» Entries supplied
———

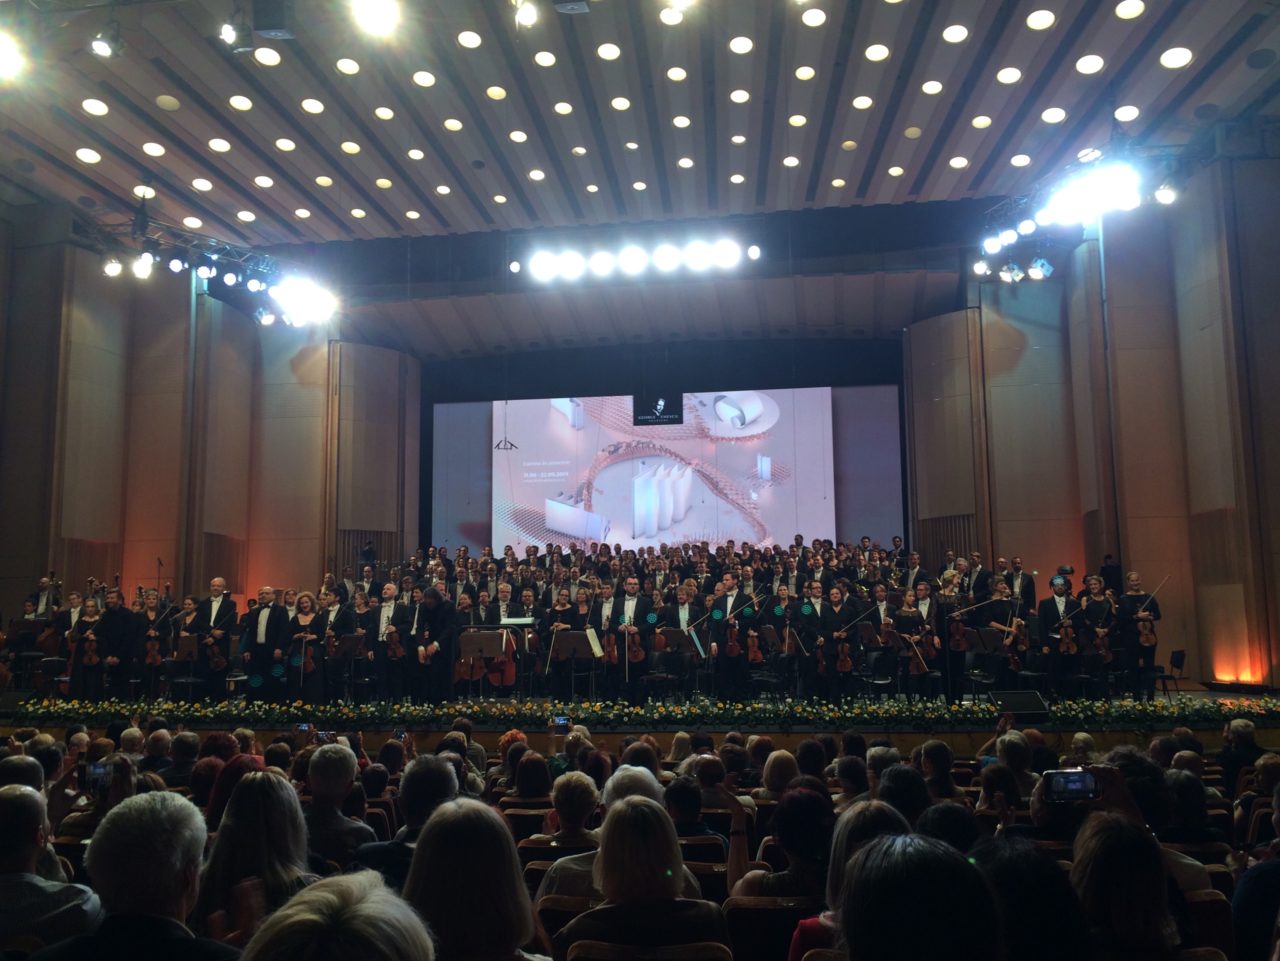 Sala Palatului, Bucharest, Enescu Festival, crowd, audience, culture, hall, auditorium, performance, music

———

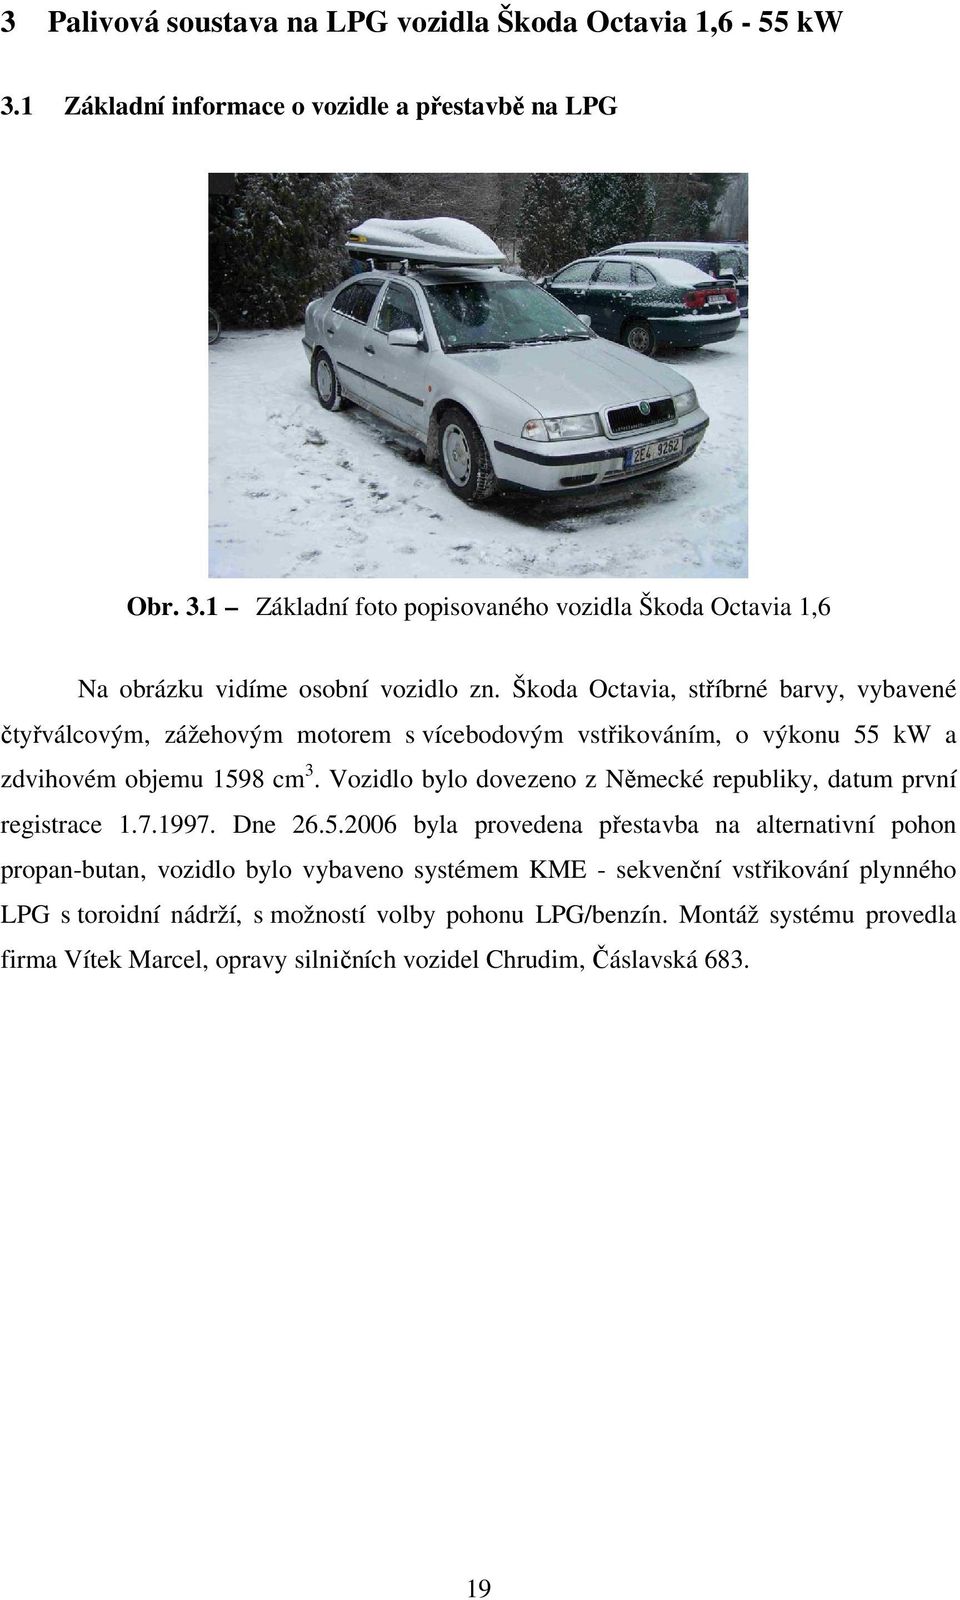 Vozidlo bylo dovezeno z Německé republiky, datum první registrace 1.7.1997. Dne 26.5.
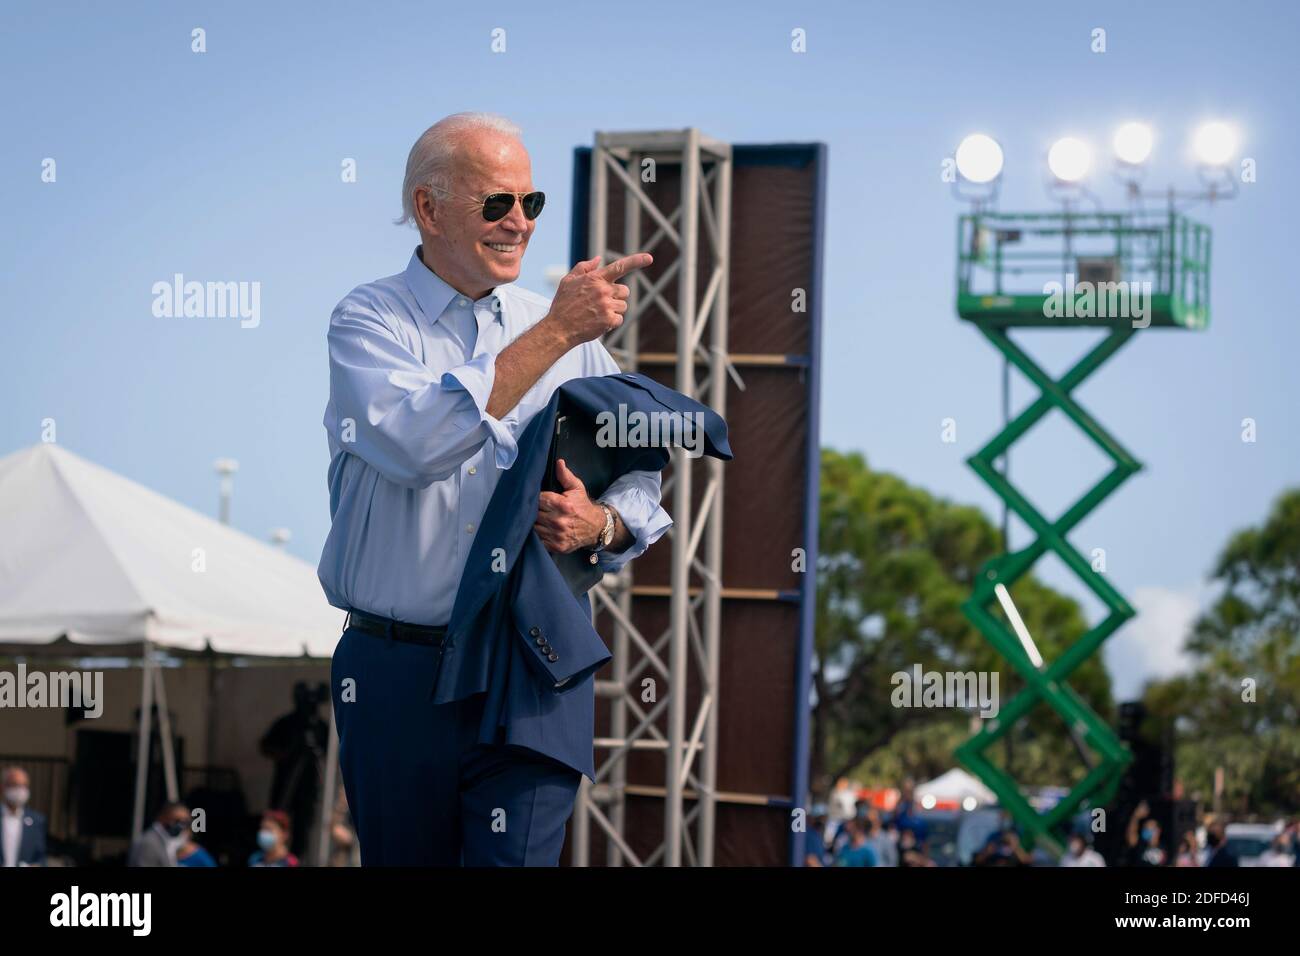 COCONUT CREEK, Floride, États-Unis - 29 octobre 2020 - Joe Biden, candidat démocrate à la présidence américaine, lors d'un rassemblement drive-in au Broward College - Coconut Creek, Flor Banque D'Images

———

» Brief
Look above for the line containing "Vozidlo bylo dovezeno", then copy exactly from it through the line containing "COCONUT CREEK, Floride, États-Unis", keeping both and leaving out pictures. Add nothing else.

» Answer to this task
 Vozidlo bylo dovezeno z Německé republiky, datum první registrace 1.7.1997. Dne 26.5.
 COCONUT CREEK, Floride, États-Unis - 29 octobre 2020 - Joe Biden, candidat démocrate à la présidence américaine, lors d'un rassemblement drive-in au Broward College - Coconut Creek, Flor Banque D'Images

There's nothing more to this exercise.